Et voilà qu'Israël se trouve à la croisée des chemins dans une équation politique infiniment complexe.

Cette jeune vieille nation a poussé sans tuteur. Il a fallu improviser à chaque instant, et faire face aux périls existentiels sans jamais perdre son âme afin demeurer dans le concert des nations civilisées.


Ben Gourion aux côtés de Golda

L'exercice demande une certaine force morale et mentale. David Ben Gourion, Golda Meir, Menahem Begin, Yitzhak Rabin ont tracé la voie et ce ne sont pas les chemins de traverses empruntés par Netanyahu qui vont égarer le peuple du livre.

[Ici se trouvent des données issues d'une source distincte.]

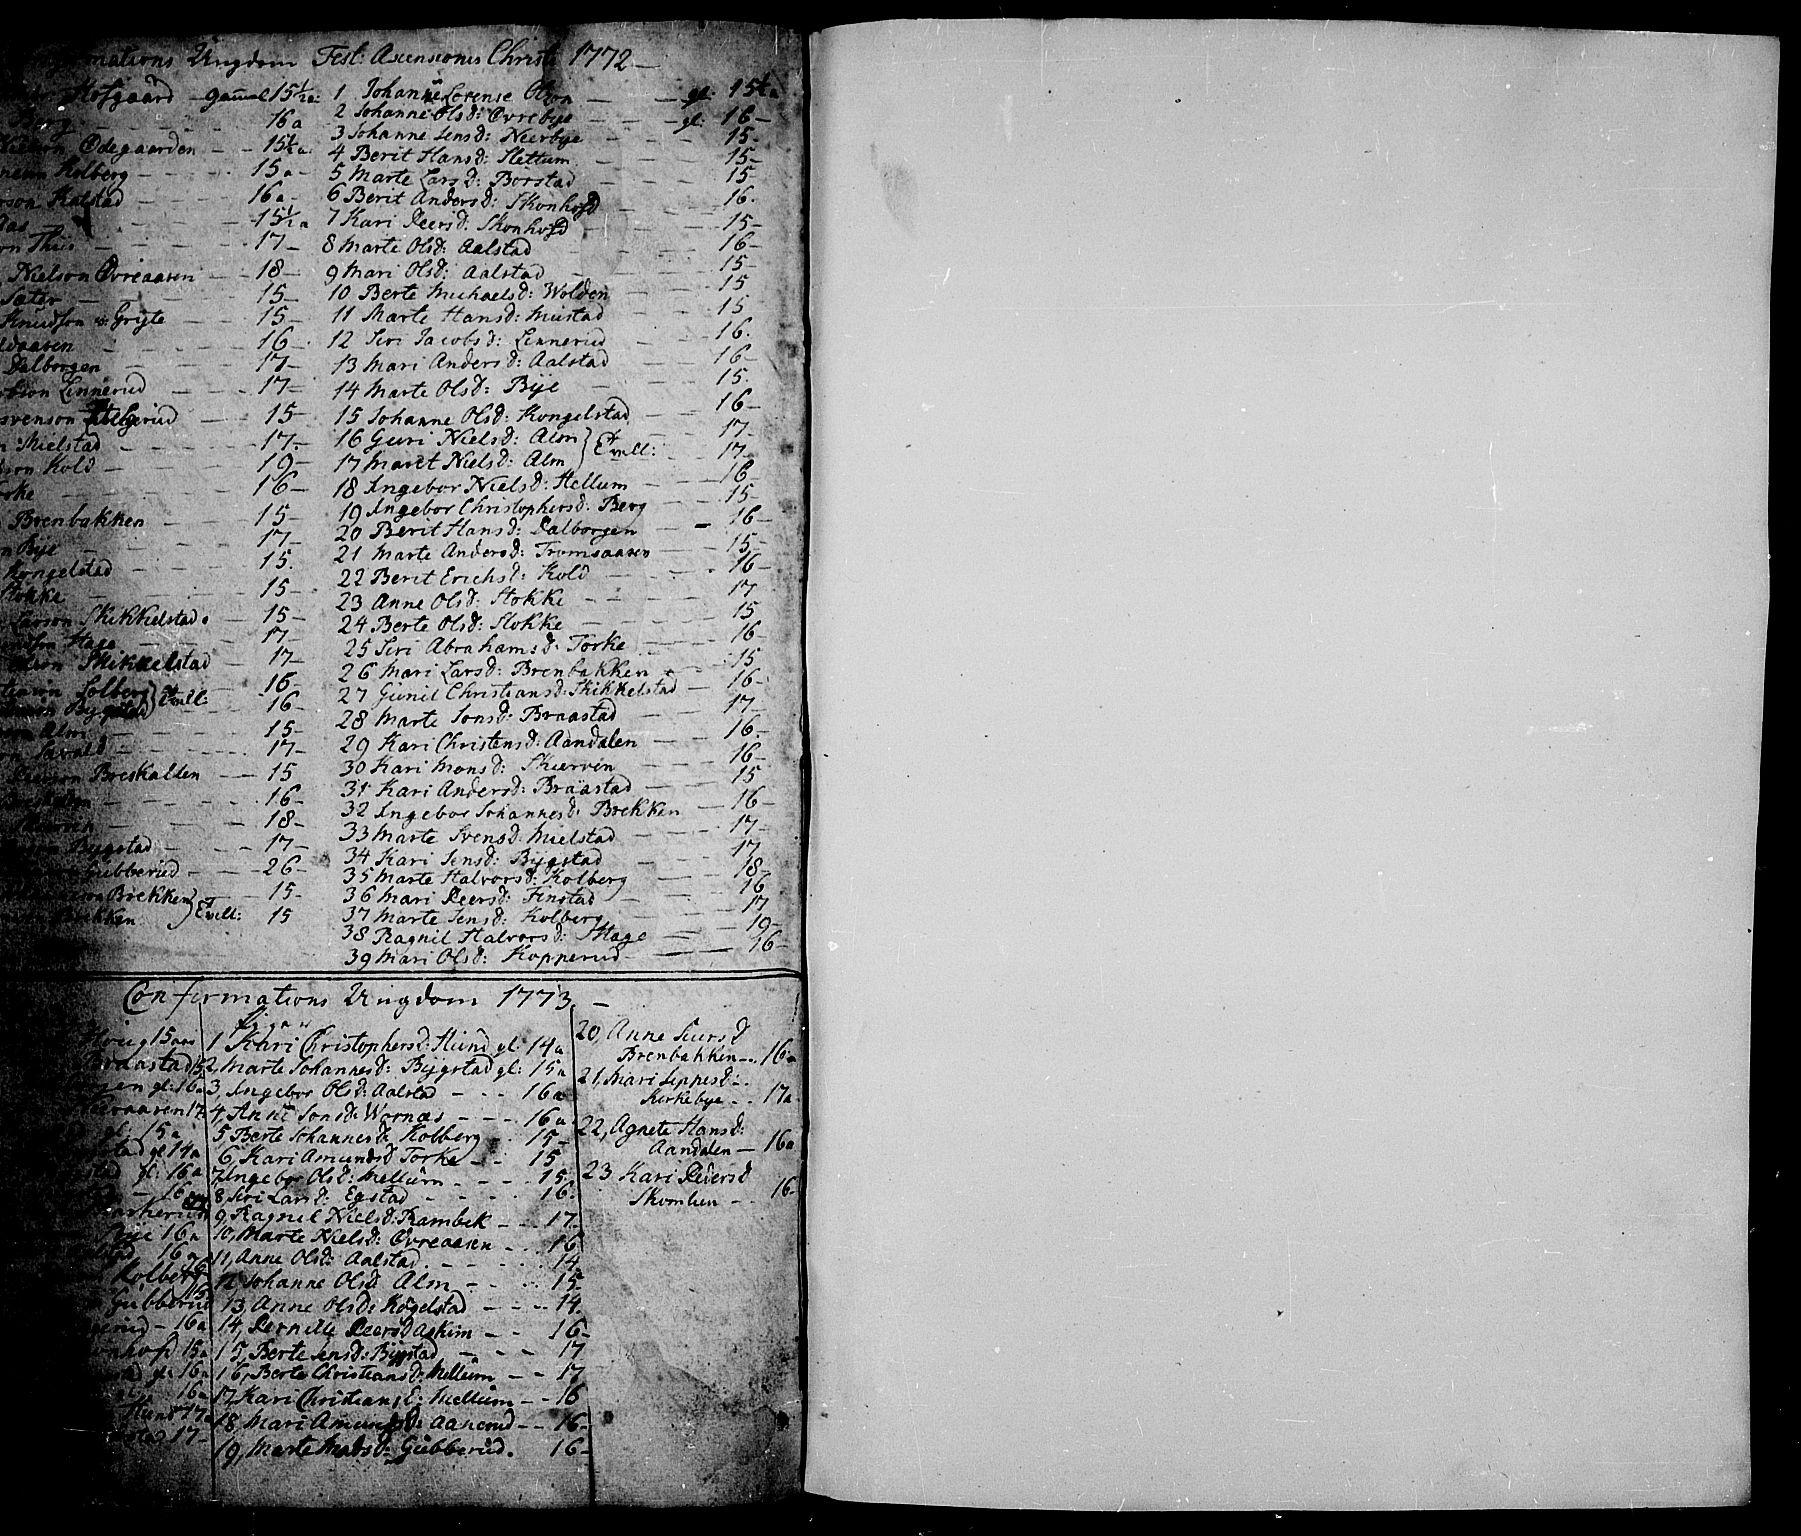 SAH, Vardal prestekontor, H/Ha/Haa/L0002: Ministerialbok nr. 2, 1748-1776, s. 178-179

Si ce peuple a un destin, il ne converge certainement pas vers le fascisme. 

Mais qui ne serait pas tenté après tant de vicissitudes de se laisser aller à la facilité d'une justice, d'une presse, d'une junte aux mains déliées du pouvoir.

Mais l'opposition populaire est dans la rue et a choisi comme symbole le drapeau blanc-bleu frappé de l'étoile de David.

Manifestants au centre de Tel-Aviv

Et il chante la chanson populaire "Je n'ai pas d'autre pays" rappelant ainsi le sens de son combat.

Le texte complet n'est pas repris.